Instructions for the task
Only the lines from the one containing "Be Ahead of" through the one containing "Embroidered Felt Hair" should be printed, exactly as they appear below, with both ends included.

Data for processing
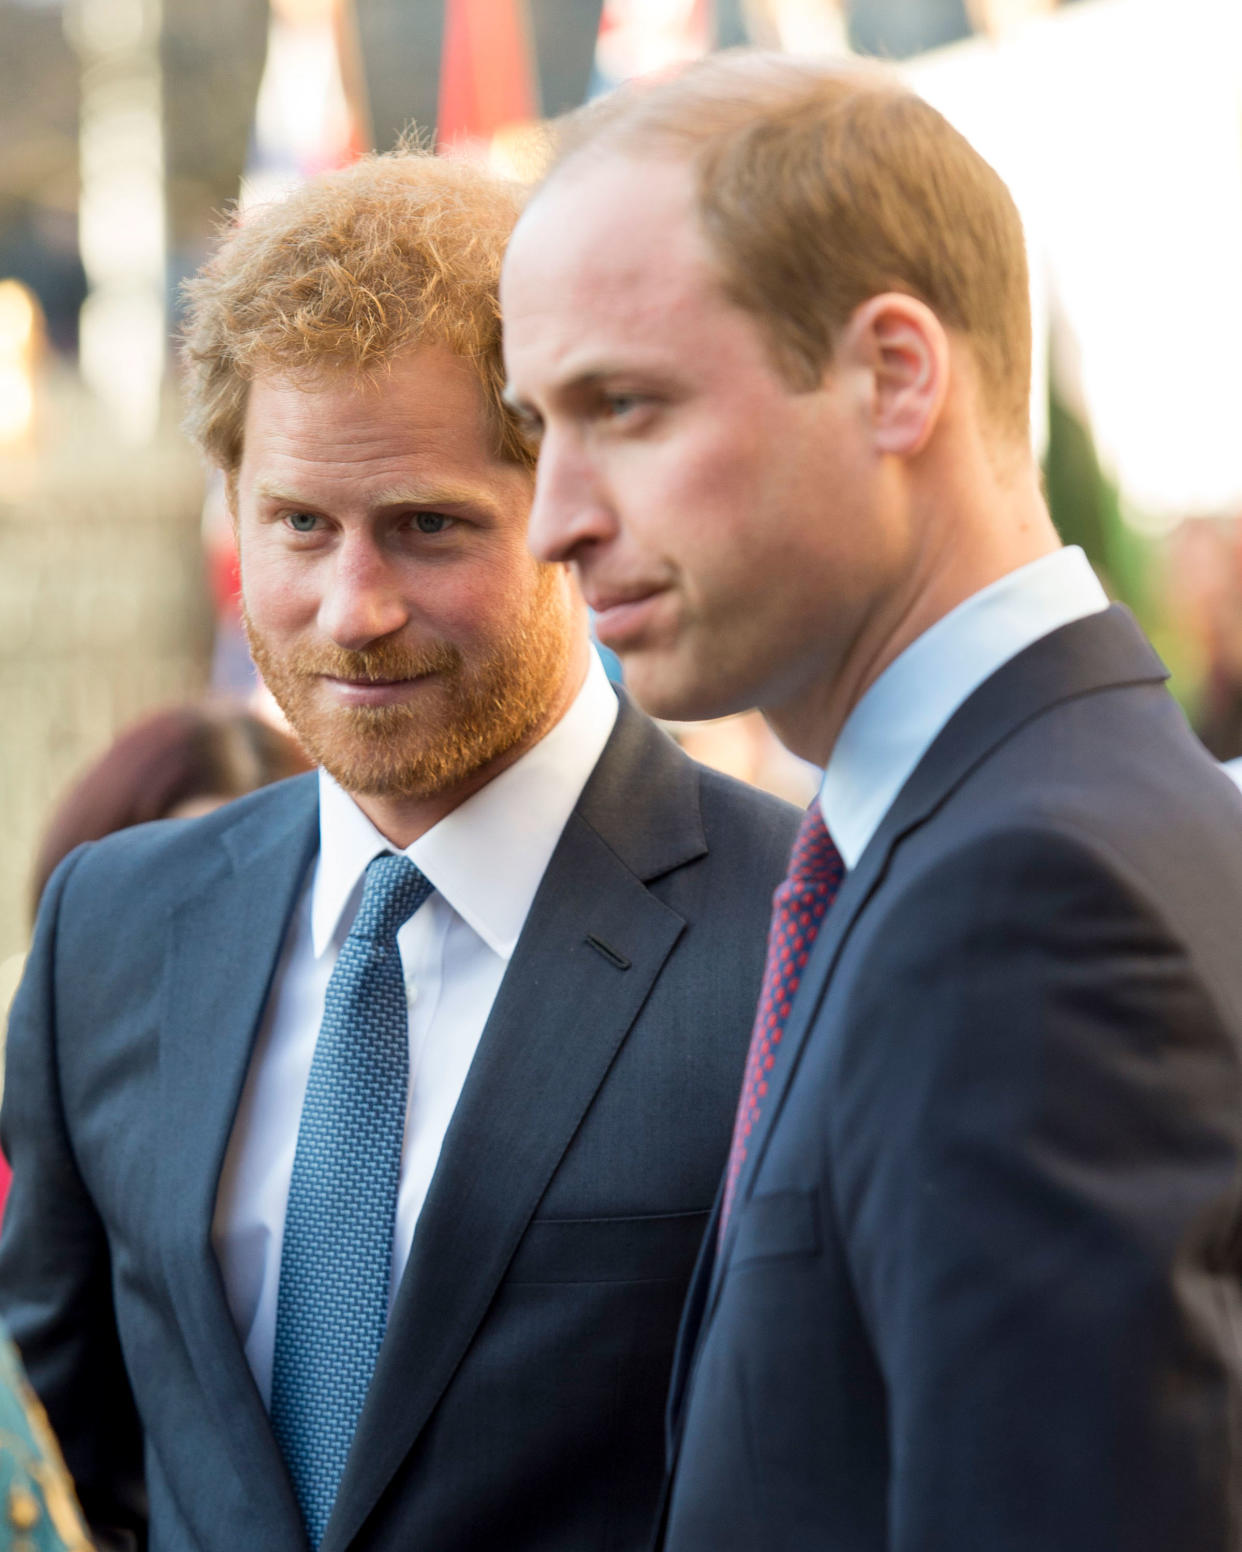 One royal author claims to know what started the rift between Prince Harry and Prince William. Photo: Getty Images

==

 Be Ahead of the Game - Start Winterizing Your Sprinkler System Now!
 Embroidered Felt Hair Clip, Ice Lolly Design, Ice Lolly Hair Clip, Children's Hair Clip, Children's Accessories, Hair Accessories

Task solution
 Be Ahead of the Game - Start Winterizing Your Sprinkler System Now!
 Embroidered Felt Hair Clip, Ice Lolly Design, Ice Lolly Hair Clip, Children's Hair Clip, Children's Accessories, Hair Accessories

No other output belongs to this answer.